The first thing that happened was that a power failure at the Flexential facility caused an unexpected service disruption. Portland General Electric (PGE) was forced to shut down one of its independent power feeds to the building. The data center has multiple feeds with some level of independence that can power the facility. However, Flexential operated their generators so that the feed was low.

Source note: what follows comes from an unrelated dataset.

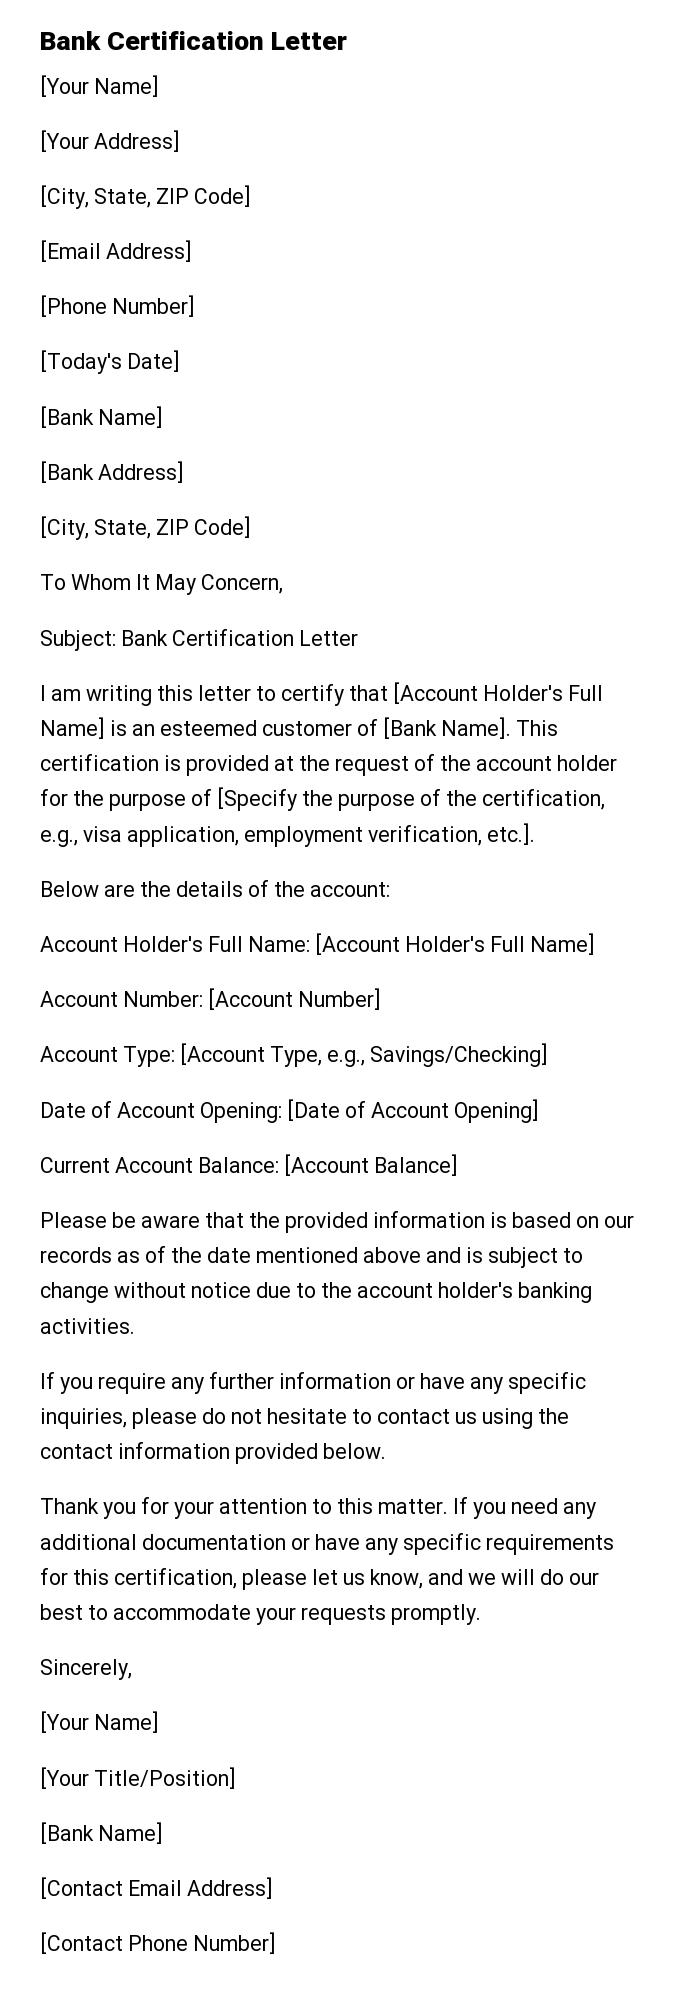 Bank Certification Letter

However, this approach is a no-no for those of you who don’t know data center best practices. You shall not use off-premise power and generator at the same time. Adding insult to injury, Flexential didn’t tell Cloudflare that they would be converting to generator power.
Also: 10 Ways to Speed Up Your Internet Connection Today
Then, there was a ground fault in a PGE transformer going into the data center. And, when I say ground fault, I don’t mean a short one, the one where you go down to the basement to fix a fuse. I mean a 12,470-volt bad boy that took out the connections and all the generators in less time than it took you to read this sentence.
In theory, a bank of UPS batteries should have kept the servers running for 10 minutes, which should have been enough time to restart the generators. Instead, the UPSs started dying in about four minutes, and the generators never made it back up in time.
There may have been no one able to save the situation, but When onsite, overnight staff “Consisting of security and an unaccompanied technician who had only been on the job for a week,” the situation was hopeless.
Also: The Best VPN Services for iPhone and iPad (Yes, You Should Use One)
Meanwhile, CloudFlare discovered the hard way that some critical systems and new services had not yet been integrated into its high-availability setup. Furthermore, CloudFlare’s decision to keep logging systems outside of high-availability clusters, because analysis latency would be acceptable, proved to be wrong. If the CloudFlare staff couldn’t get a good look at the logs to see what was going wrong, the output would remain static.
It turned out that, while the three data centers were “mostly” redundant, they weren’t completely. Two other data centers operating in the region took over high-availability clusters and kept critical services online.
So far so good. However, a subset of services that were supposed to be in the high-availability cluster had dependencies that were running exclusively in dead data centers.
Specifically, two important services that process logs and power CloudFlare’s analytics — Kafka And Click House — was only available in offline data centers So, when services were called for Kafka and Clickhouse on the high-availability cluster, they failed.
Cloudflare admits It was “too late about the need for new products and their associated databases to integrate with high-availability clusters.” Moreover, many of its services depend on the availability of its core facilities.
Many companies operate this way, however The prince admittedIt “doesn’t play to CloudFlare’s strengths. We are good at distributed systems. During this incident, our global network works as expected. But many fail when the core is unavailable. We have to use distributed system products that “we have all of our services. to make it available to all our customers, so that even if our core facilities are disrupted, they will operate mostly as normal.”
Also: Cybersecurity 101: Everything on how to protect your privacy and stay safe online
Hours later, everything was finally back up and running — and it wasn’t easy. For example, almost all the power breakers were fried, and Flexentel had to go and buy more to replace them.
Anticipating multiple power surges, CloudFlare also decided “the only safe recovery process is to follow a full bootstrap of the entire facility.” This method means rebuilding and rebooting all servers, which takes several hours.
The incident, which lasted until November 4, was finally resolved. Looking ahead, Prince concluded: “We have the right systems and procedures in place to be able to withstand the cascading string of failures that we’ve seen at our data center provider, but we need to be more rigorous about enforcing those that are followed and tested. . For unknown dependencies. It will have my full attention and the attention of a large part of our team through the balance of the year. And the pain of the last few days will make us better.”